# Lexmark X6150 Printer



## dc827 (Mar 17, 2009)

I've been trying to get this to work with my Mac, but it doesn't seem to be compatible with it. Can anyone confirm that this model isn't compatible with Macs?

Thanks.


----------



## Elvandil (Aug 1, 2003)

Lexmark makes few Mac drivers, but you can check here:

http://downloads.lexmark.com/perl/downloads/downloads.cgi?ccs=229:1:0:0:0

You may be able to use one from a similar model.


----------



## dc827 (Mar 17, 2009)

thanks a lot. I'll try that out right now and see if it works.


----------



## dc827 (Mar 17, 2009)

Alright, so I tried downloading a driver from an earlier model, but I still couldn't get it to work. 

I thought it was going to work, until it asked to connect the printer with the USB, which I did, but the computer wasn't recognizing it.
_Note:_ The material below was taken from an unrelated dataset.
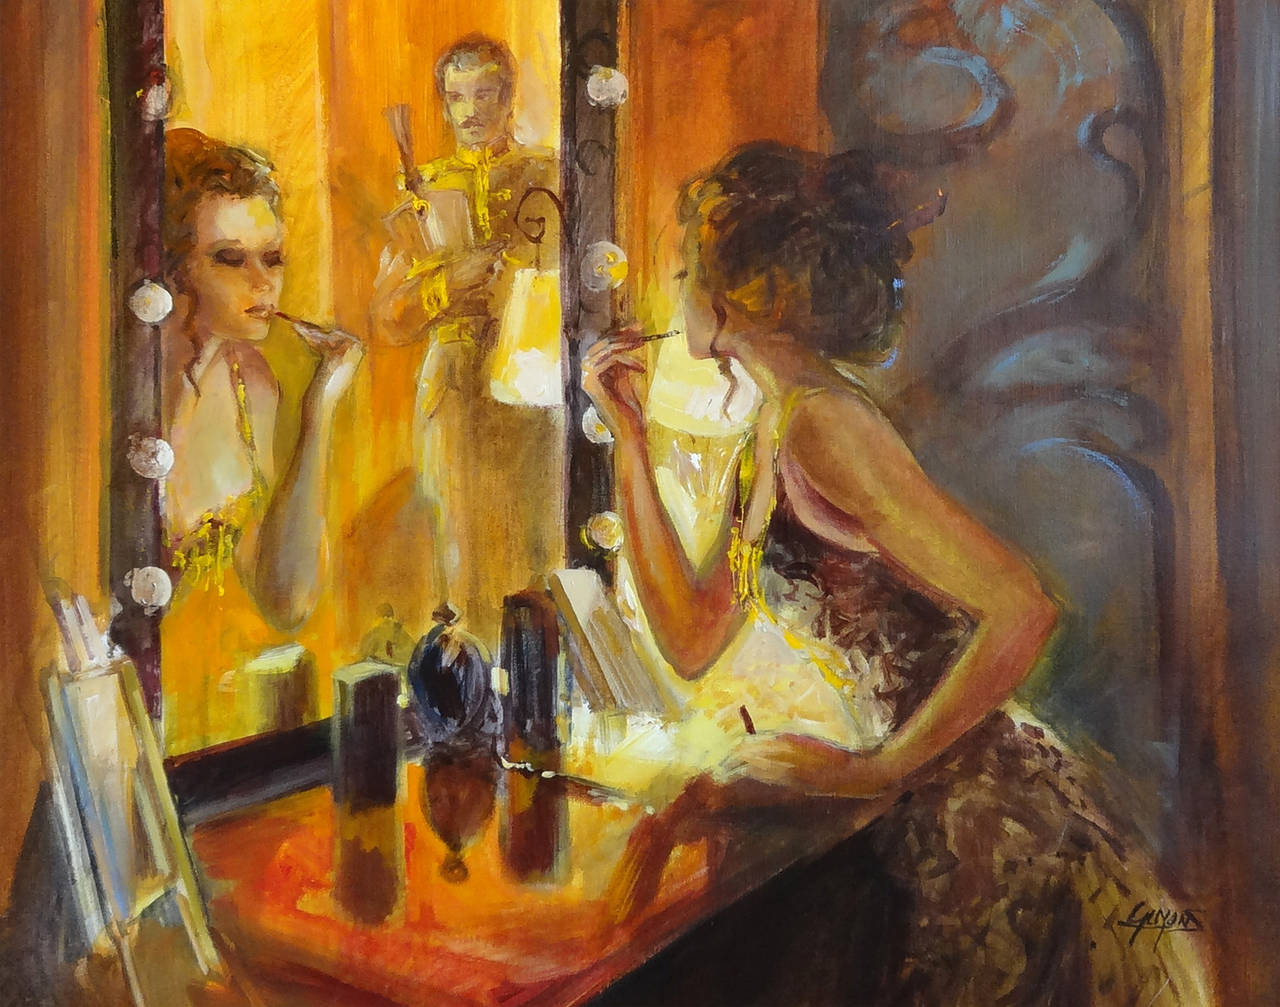 Michel guyon femme au miroir at 1stdibs for Miroir au alouette

I'm thinking the printer just isn't compatible with Macs.


----------



## Elvandil (Aug 1, 2003)

All printers are pretty much "compatible" with all operating systems. They are wired the same way. I know that some Macs actually come with Lexmark printers. The problem is always drivers, and Lexmark makes little effort to support Macs.


----------



## dc827 (Mar 17, 2009)

Oh, alright. I understand what you're saying now.


----------



## Elvandil (Aug 1, 2003)

That still doesn't help much. It would not even be possible to use that printer over a network without drivers. But luckily, printers are not too expensive, I was lucky and got a great HP for $29 that prints pictures better than the previous $200 model.


----------